Yorgun gözleri ışıltılarla doluyor anıları kurcaladıkça. Annem "Fazla yorma." uyarılarını her fırsatta tekrarlıyor. Sigaranın verdiği zararların farkında olmasına rağmen duymazdan gelmişti tüm sevenlerini. Yıllarca içine çektiği her dumanın ızdırap olarak geri dönüşünü çaresizce kabulleniyor şimdilerde. Yakasına yapışan KOAH hastalığı bir poşet dolusu ilaç demek.

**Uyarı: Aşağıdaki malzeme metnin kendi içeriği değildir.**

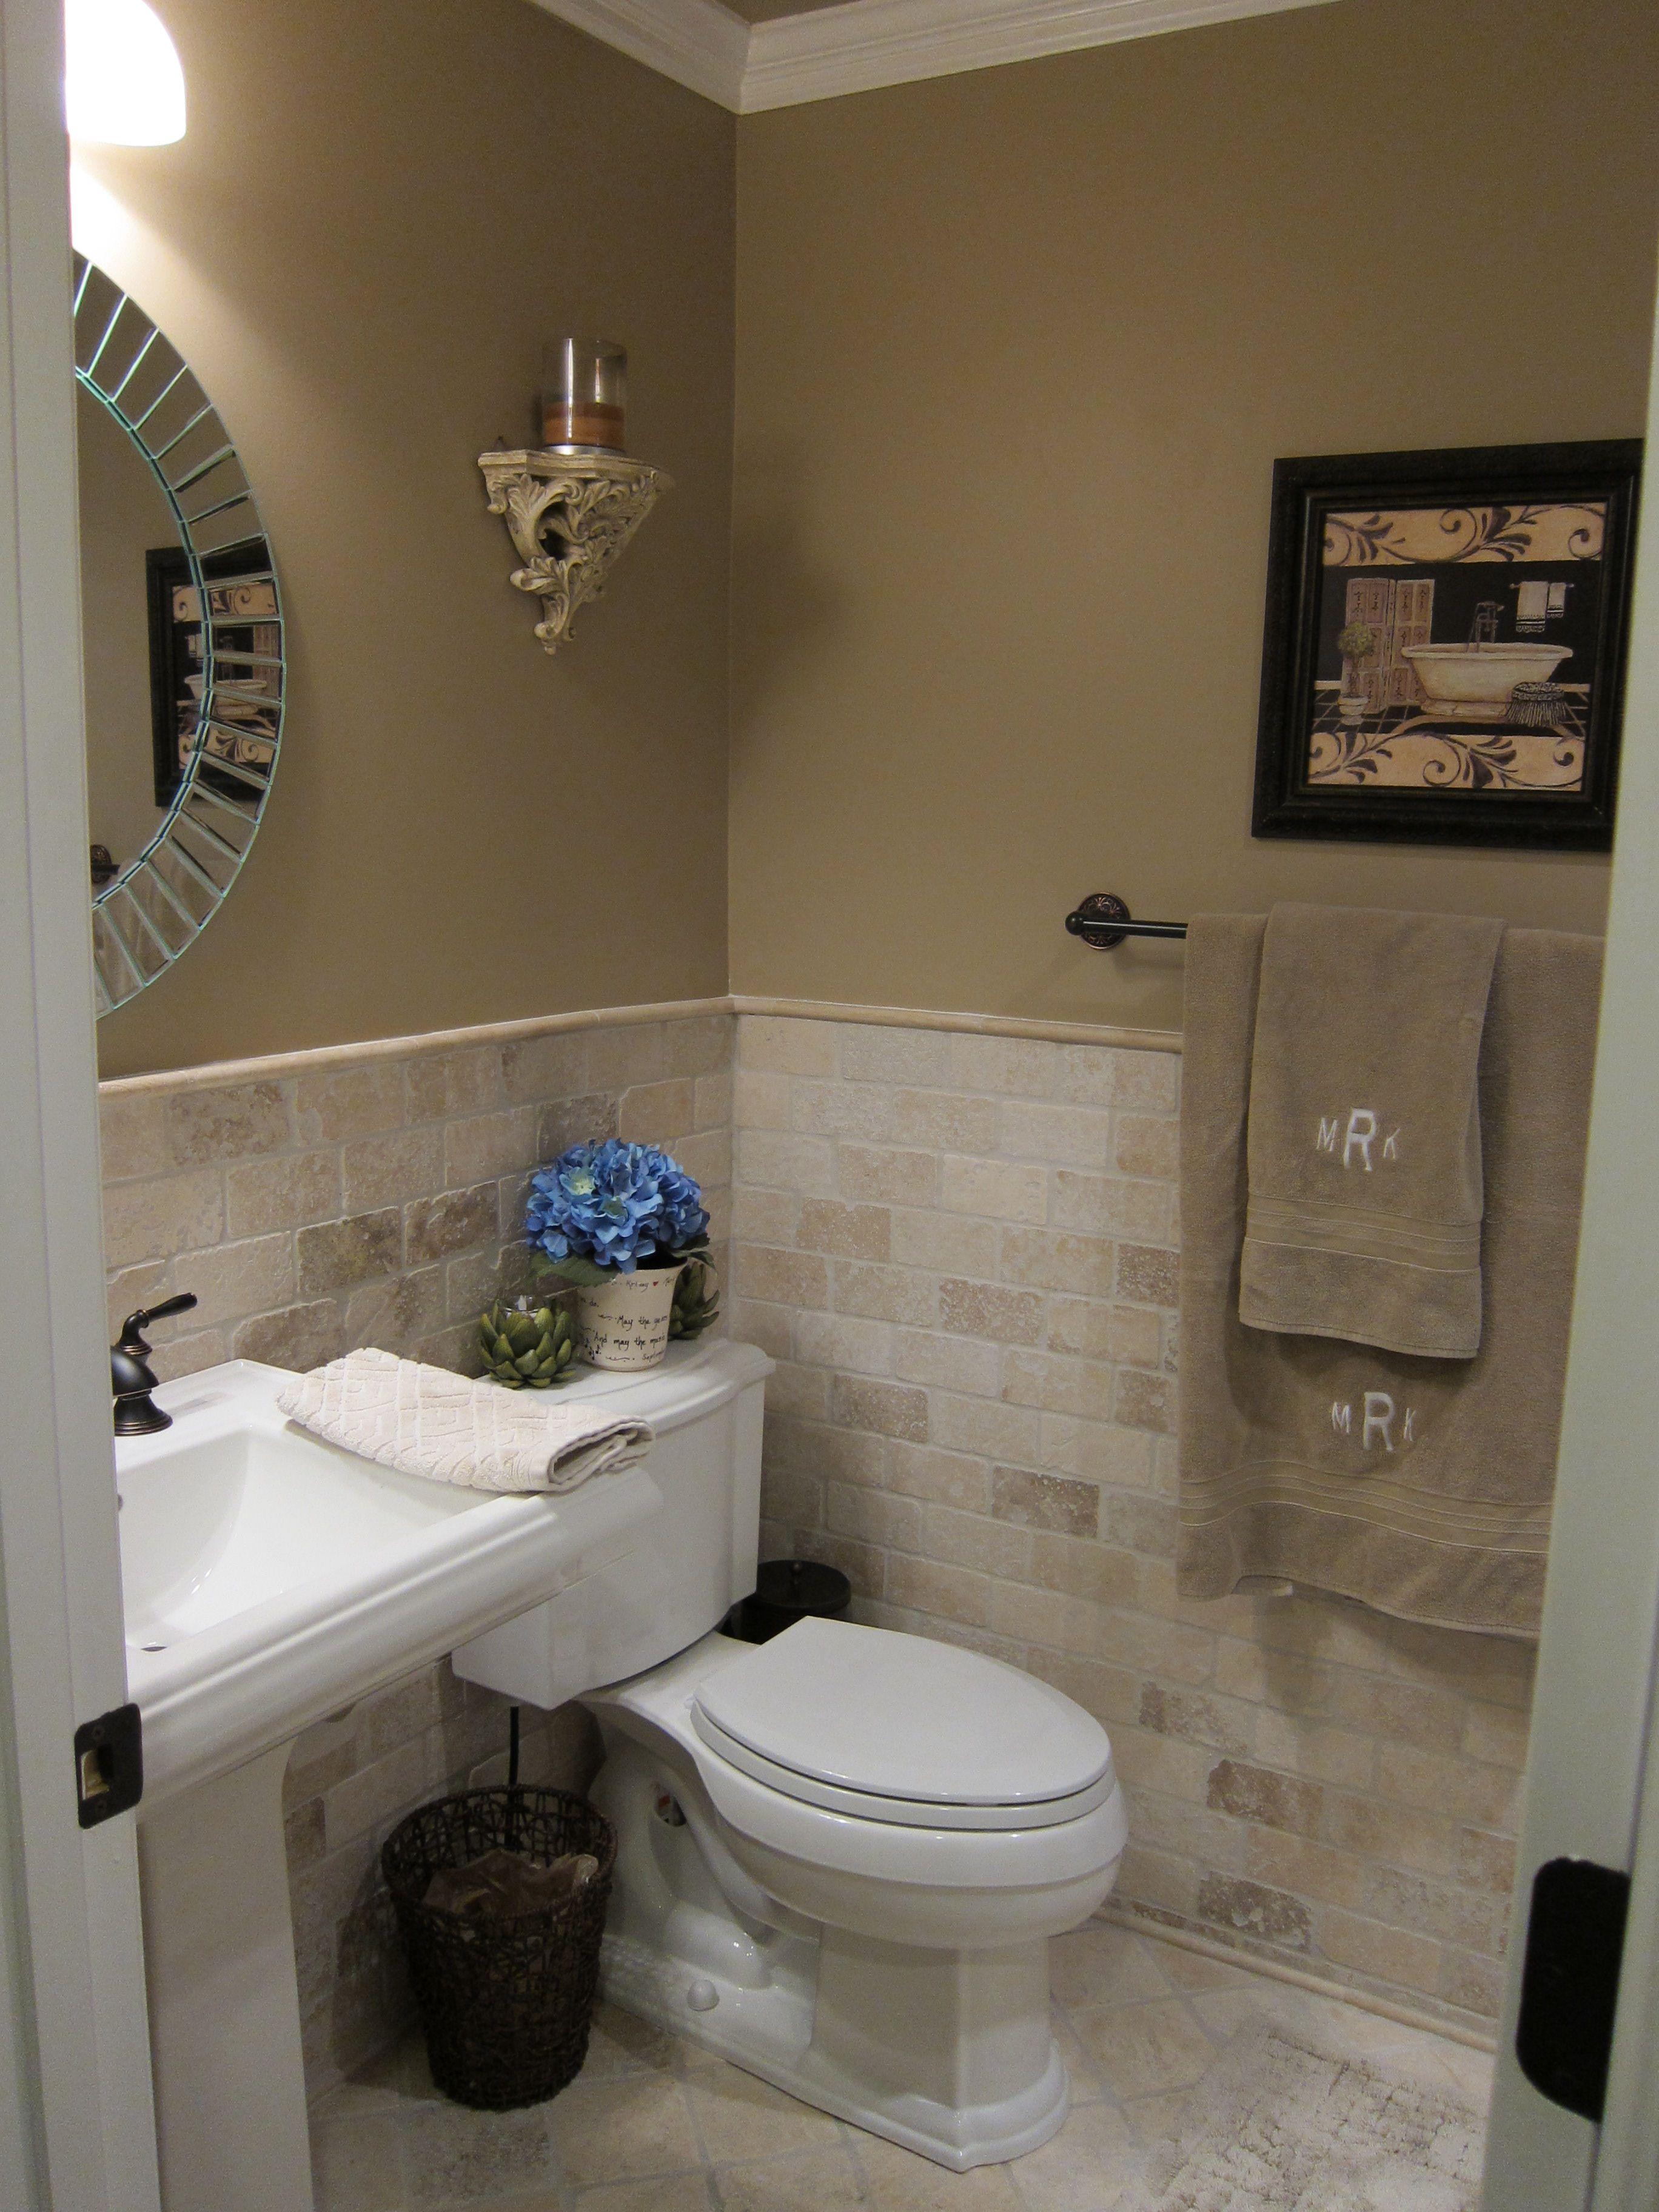 10 Beautiful Half Bathroom Ideas For Your Home Small Half

Kuruyan ciğerleri oksijen bolluğuna sahip Sapanca sahilinde bile yokluyor, iki fısfıs çekip yaslanıyor sandelyesine. İrileşmiş gözlerimle endişeyle izliyorum zavallı babacığımın çırpınışını. Yavaş yavaş kendine gelen kırk altı senelik kocasına "Göle karşı otursana." diyor anneciğim. Hiç istifini bozmuyor, duymazdan gelmelerine alışkınız. Ben de pek farklı sayılmam hani, almışım pek hoşlanmadığımız bu huyundan.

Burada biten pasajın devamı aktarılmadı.